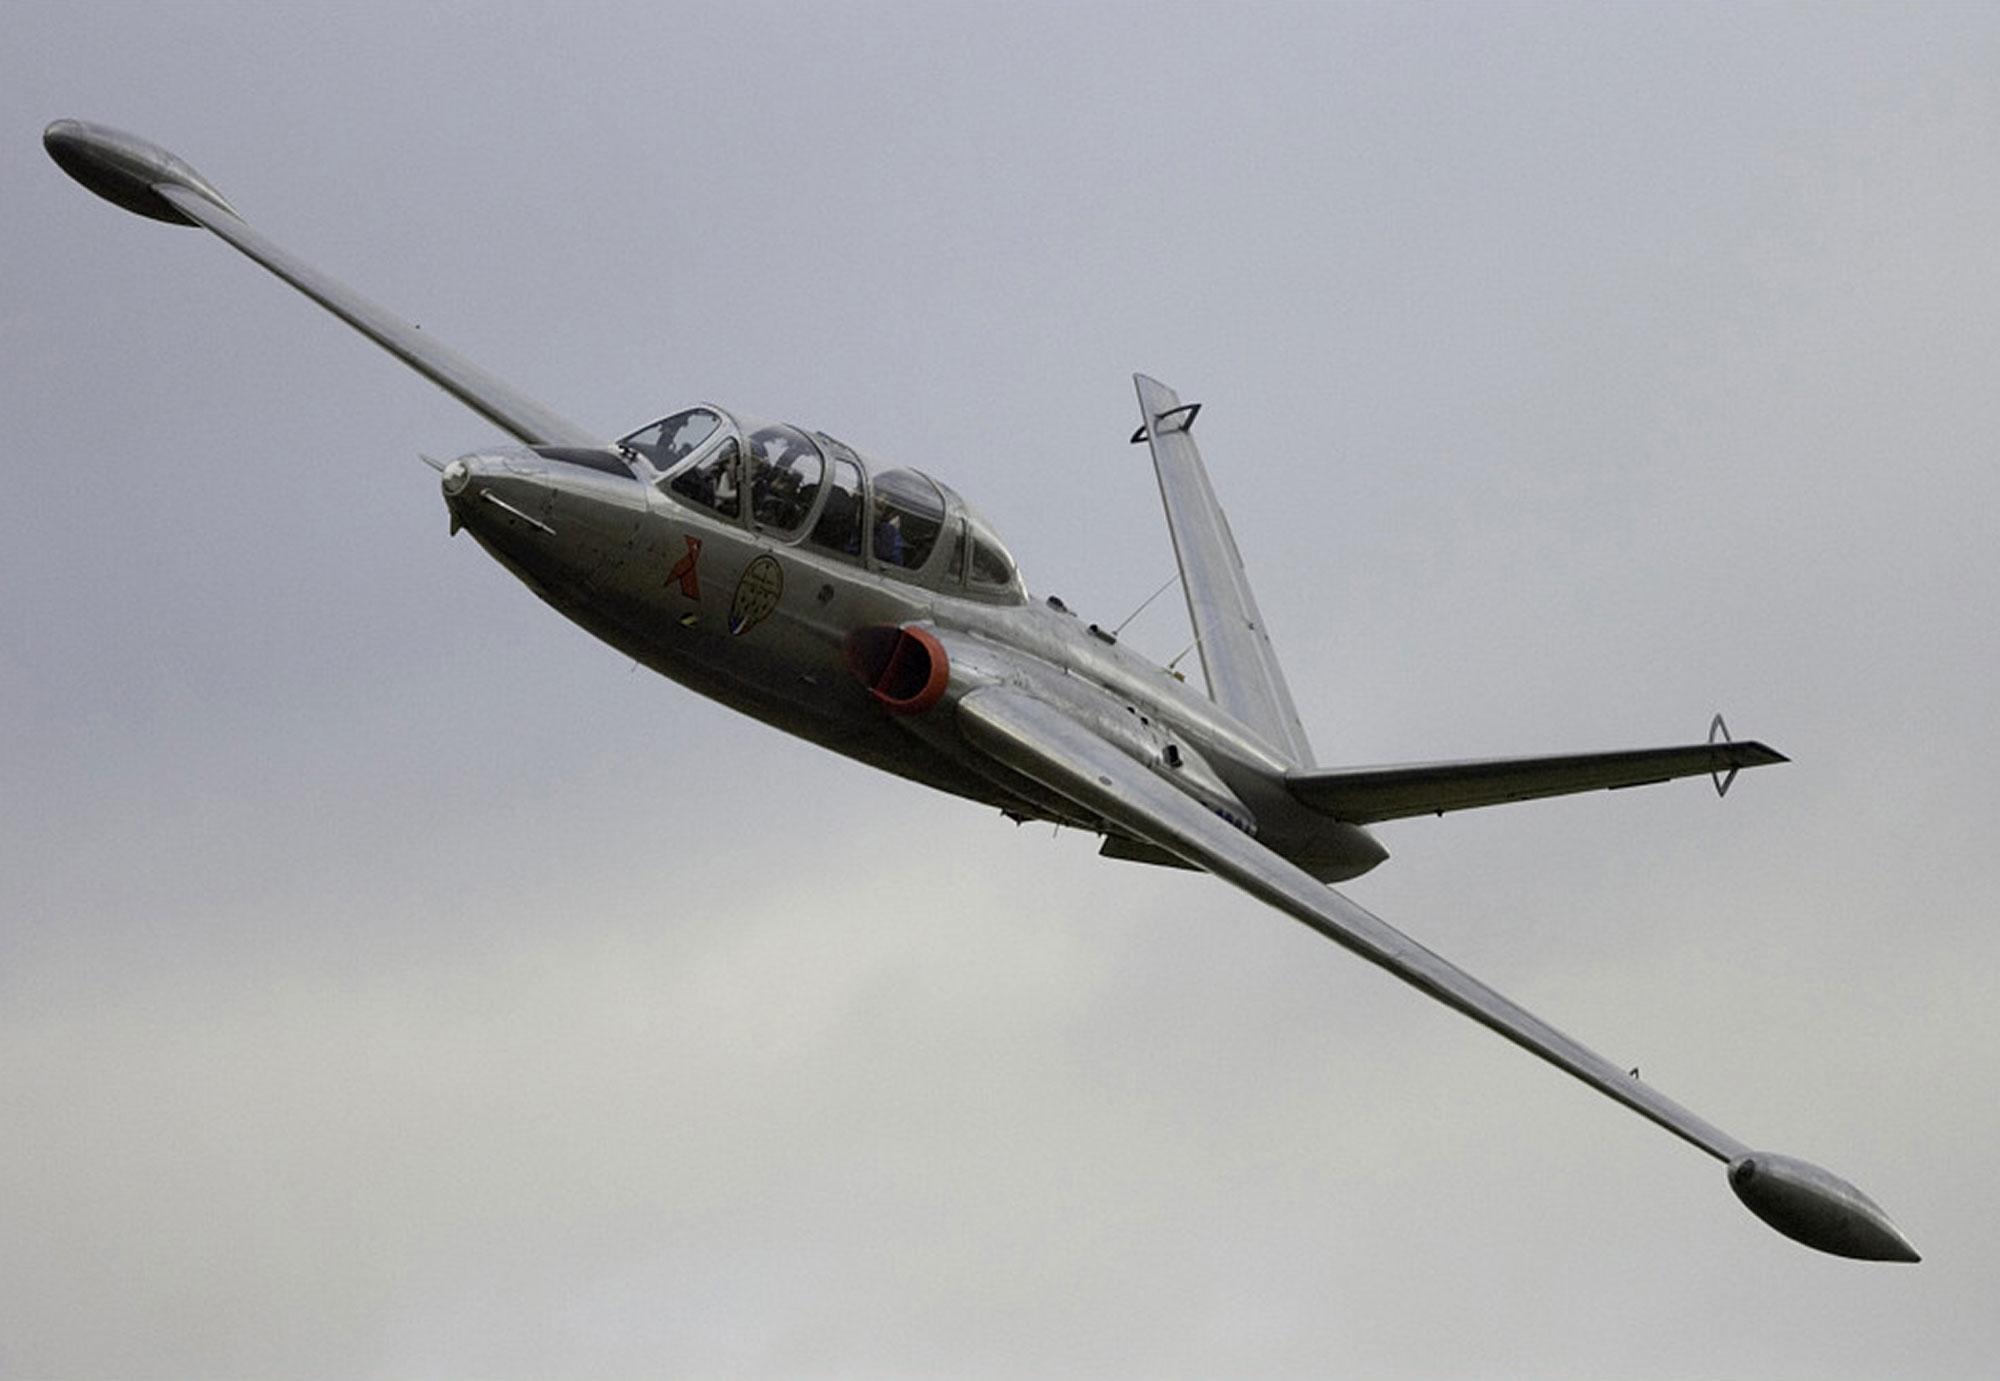 vol avion chasse fouga magister
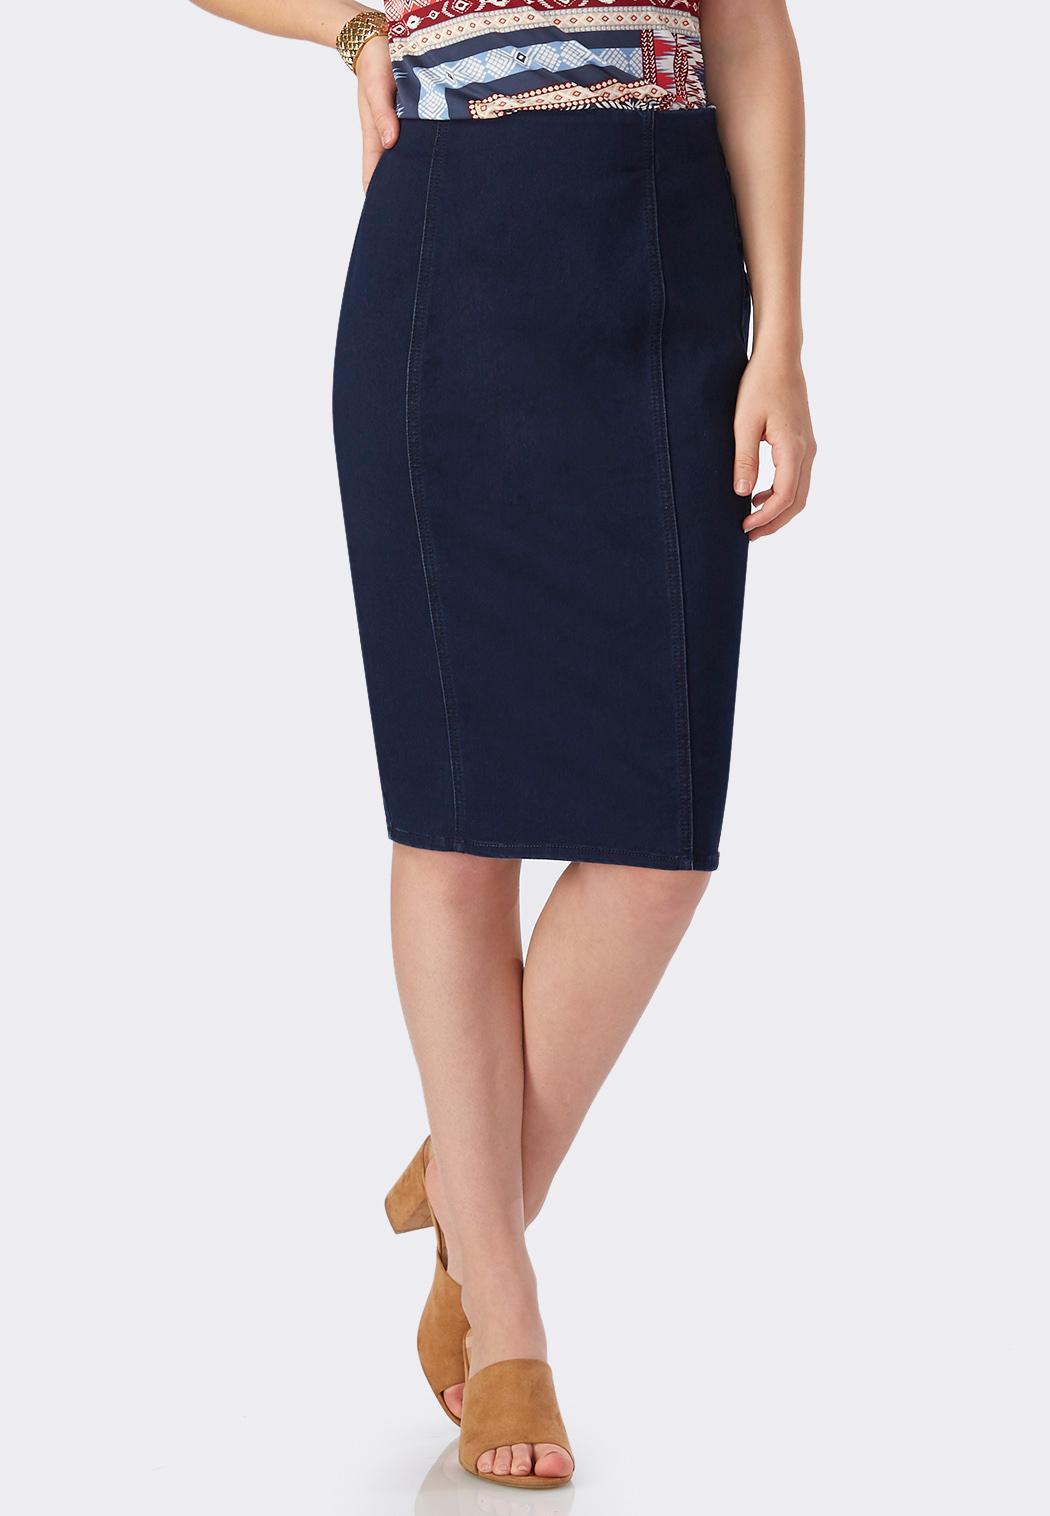 Women's Skirts | Cato Fashions
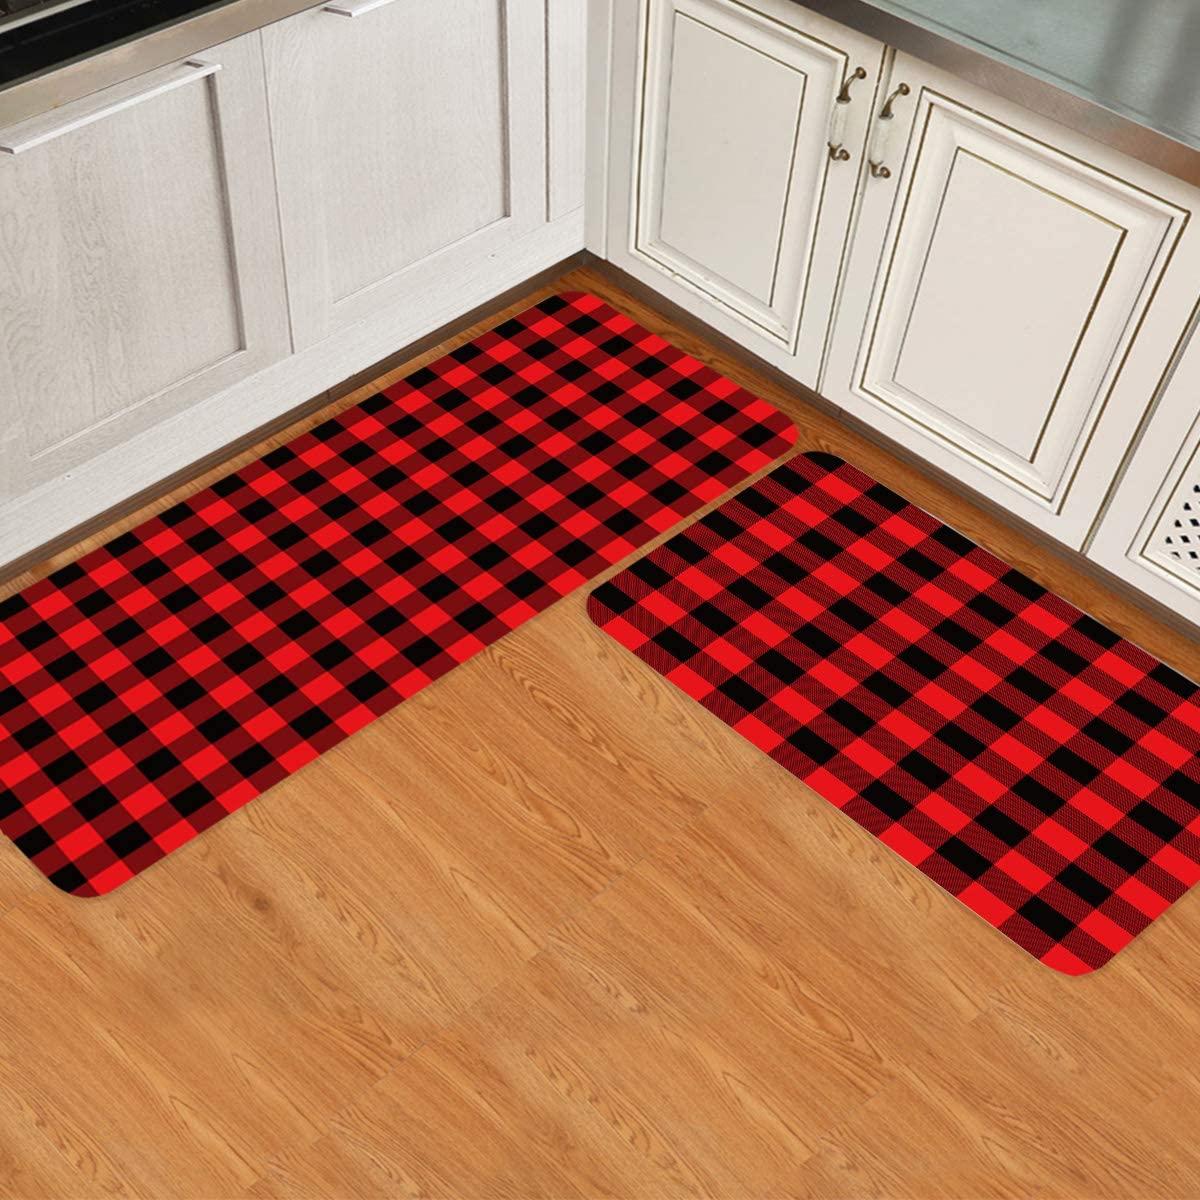 Prime Leader 2 Piece Non-Slip Kitchen Rug Doormat Runner Mat Set Cheap OFFicial shop
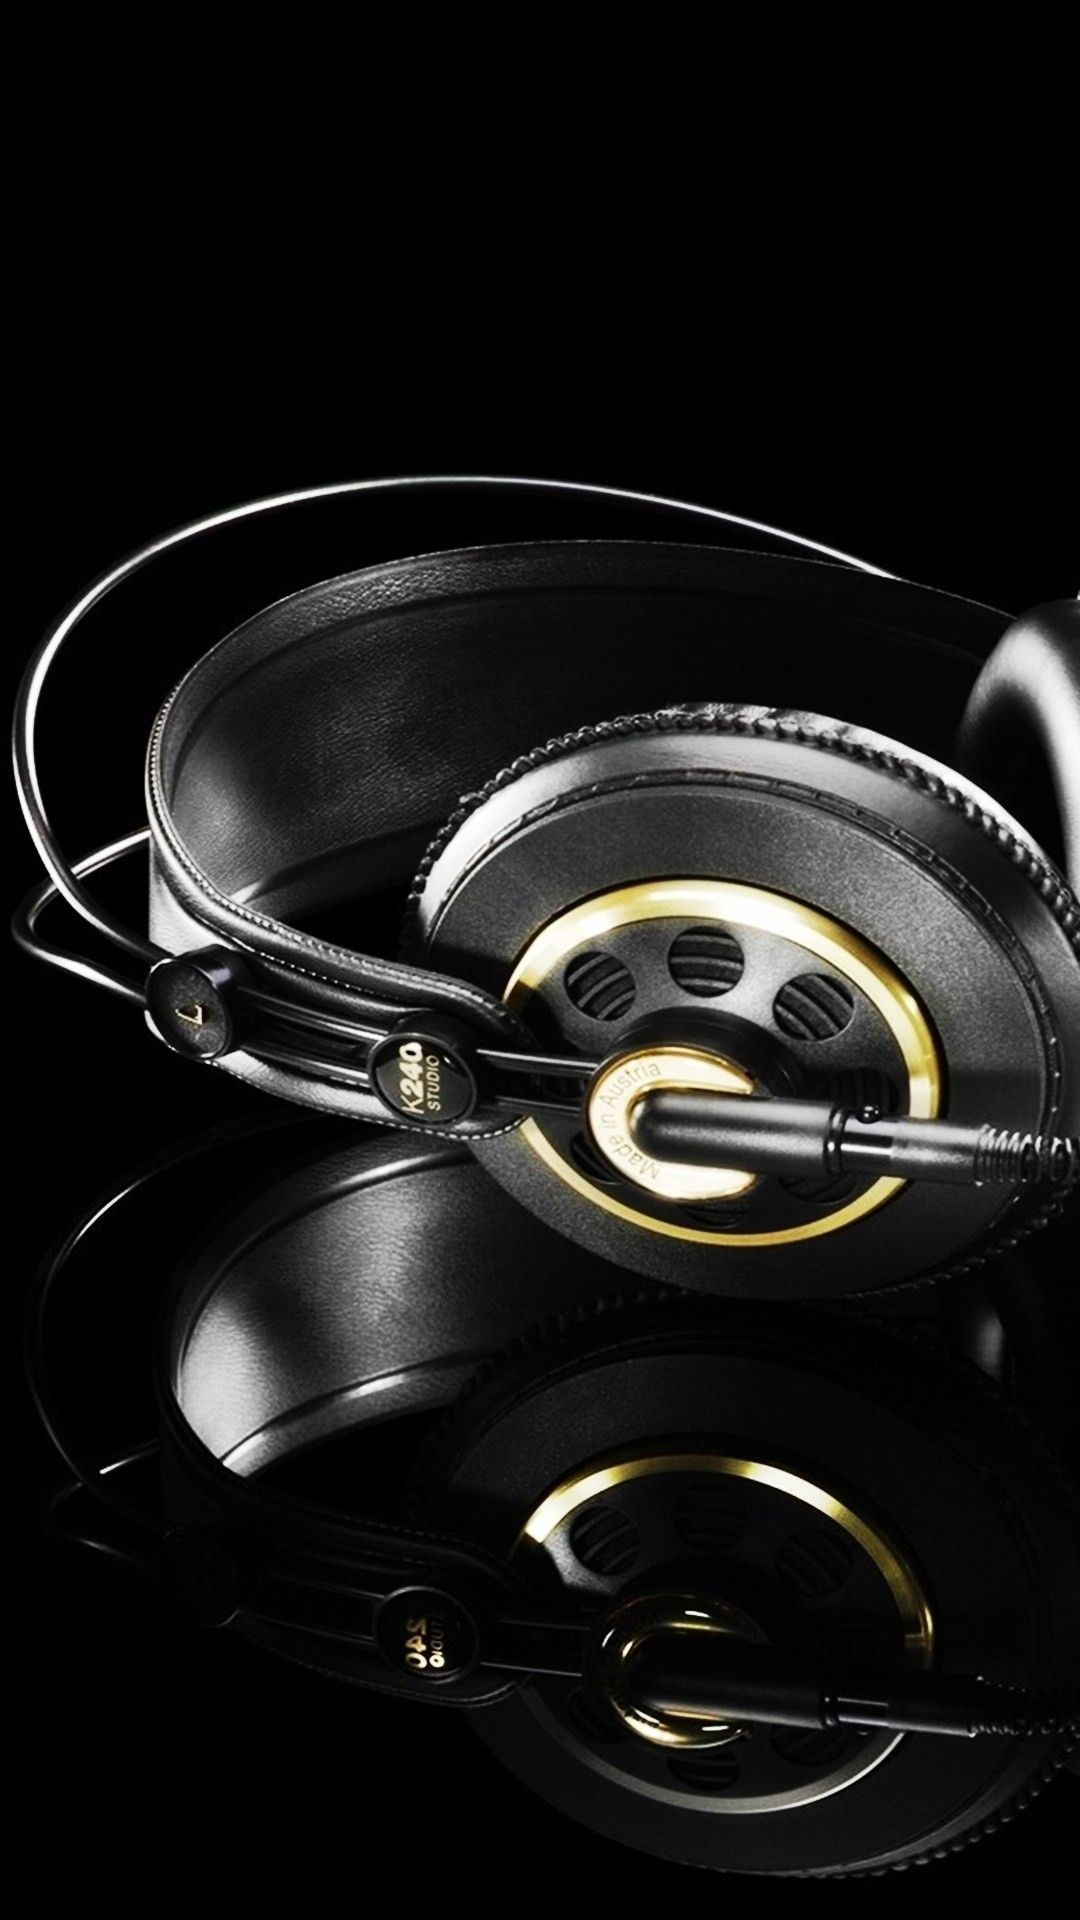 Studio Headphones Black Gold iPhone 6 plus wallpaper

**Assignment**
Copy the listing exactly. Leave the pictures out.

**Result of this task**
 vol avion chasse fouga magister
 Women's Skirts | Cato Fashions
 Prime Leader 2 Piece Non-Slip Kitchen Rug Doormat Runner Mat Set Cheap OFFicial shop
 Studio Headphones Black Gold iPhone 6 plus wallpaper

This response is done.